Thanks Very Much, archerm3..

I'll throw that into my shaft selection spreadsheet..

This is what I really like about this Forum.. Brilliant people willing to help..!

Jeff


----------



## SonnyThomas (Sep 10, 2006)

I took one look at the Calcuation Chart and said: "@#*#@ that!"

And then there is the other FOC formula that uses the full length of the arrow and then the glue for the insert, the glue for the fletchings.
So there is science and doing it for real two different ways - see example at bottom of page and then go to the listed link within http://www.archerytalk.com/vb/showthread.php?t=453845


----------



## BeachBow (Jan 6, 2008)

*I'm with you!!*



SonnyThomas said:


> I took one look at the Calcuation Chart and said: "@#*#@ that!"
> 
> And then there is the other FOC formula that uses the full length of the arrow and then the glue for the insert, the glue for the fletchings.
> So there is science and doing it for real two different ways - see example at bottom of page and then go to the listed link within http://www.archerytalk.com/vb/showthread.php?t=453845


Just give me something simple like a chart I can scan thru. Just reading that formula gave me a headache!!


----------



## SonnyThomas (Sep 10, 2006)

BeachBow said:


> Just give me something simple like a chart I can scan thru. Just reading that formula gave me a headache!!

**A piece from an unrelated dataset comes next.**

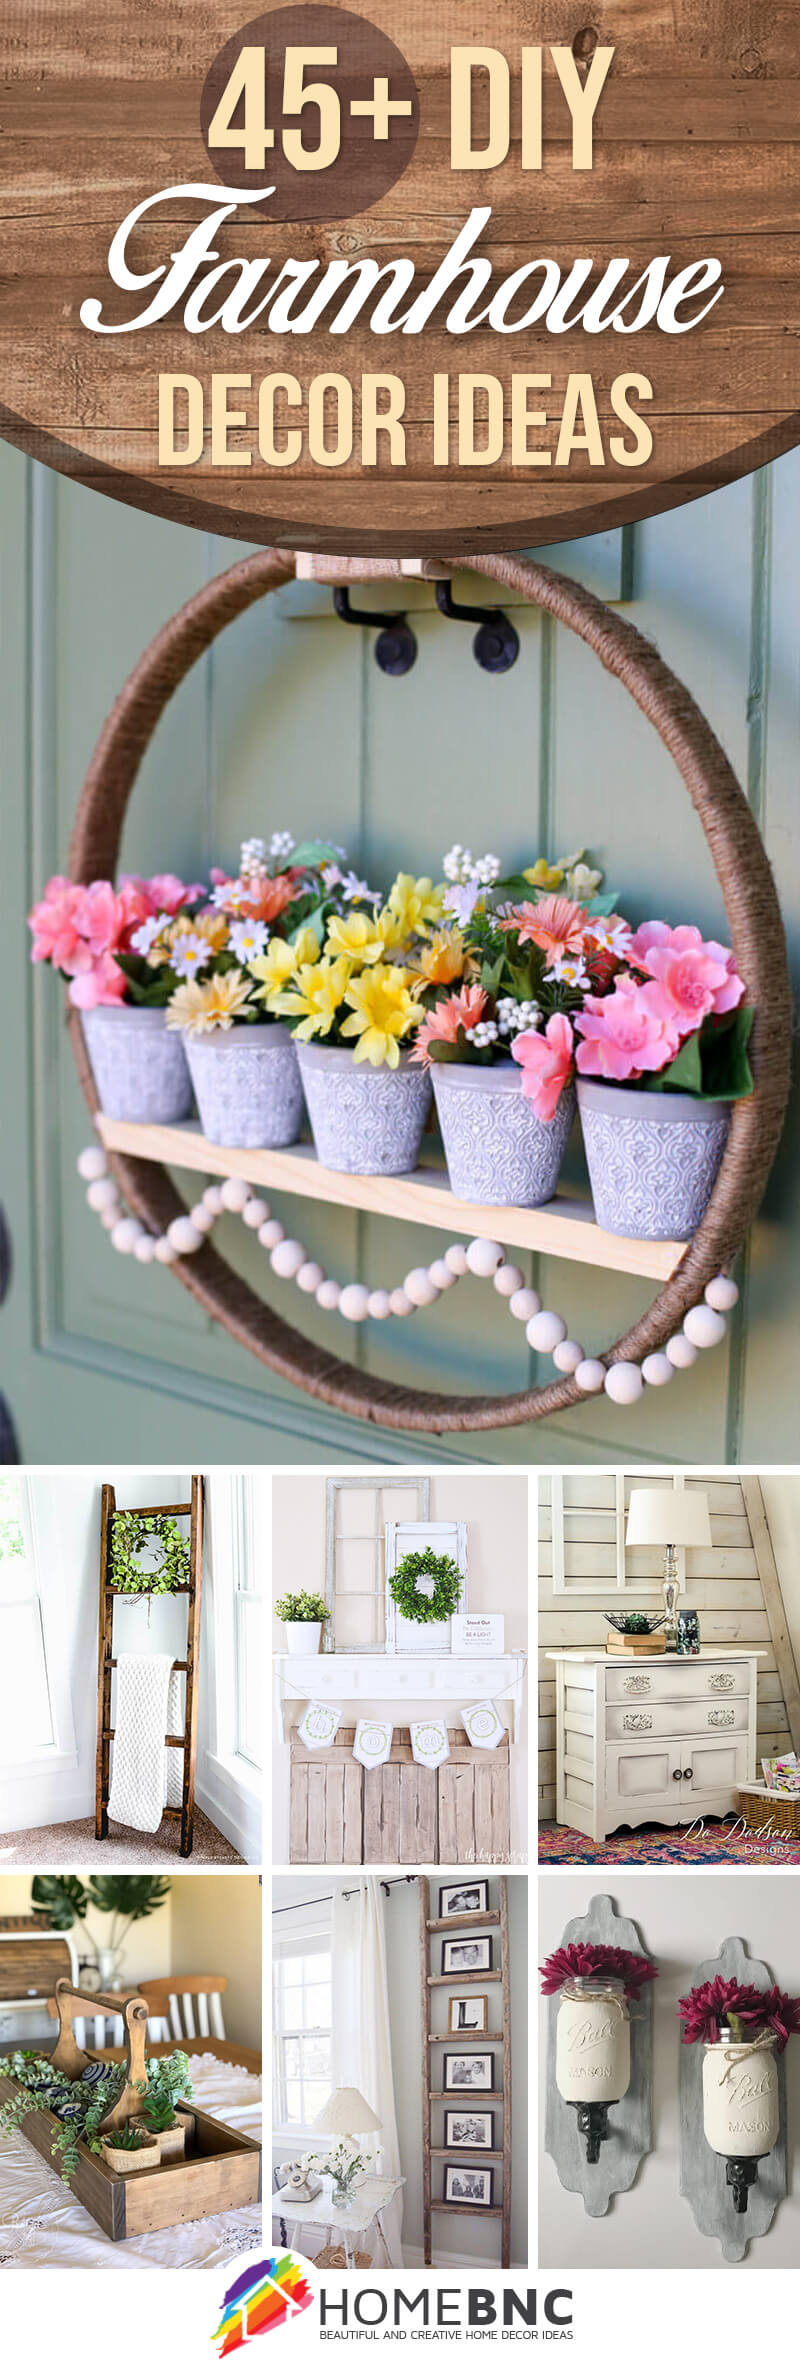 DIY Farmhouse Decorations

Run a unknown component built arrow through the calculation chart and see what kind of headache you'll get. 

Someone posed a question of the two formulas; One formula uses the measurement of the cut shaft length and the other uses the measurement of the entire length of the arrow. "Why use only the cut shaft length when you are in all actuality balancing the entire arrow?" Just things to think about.


----------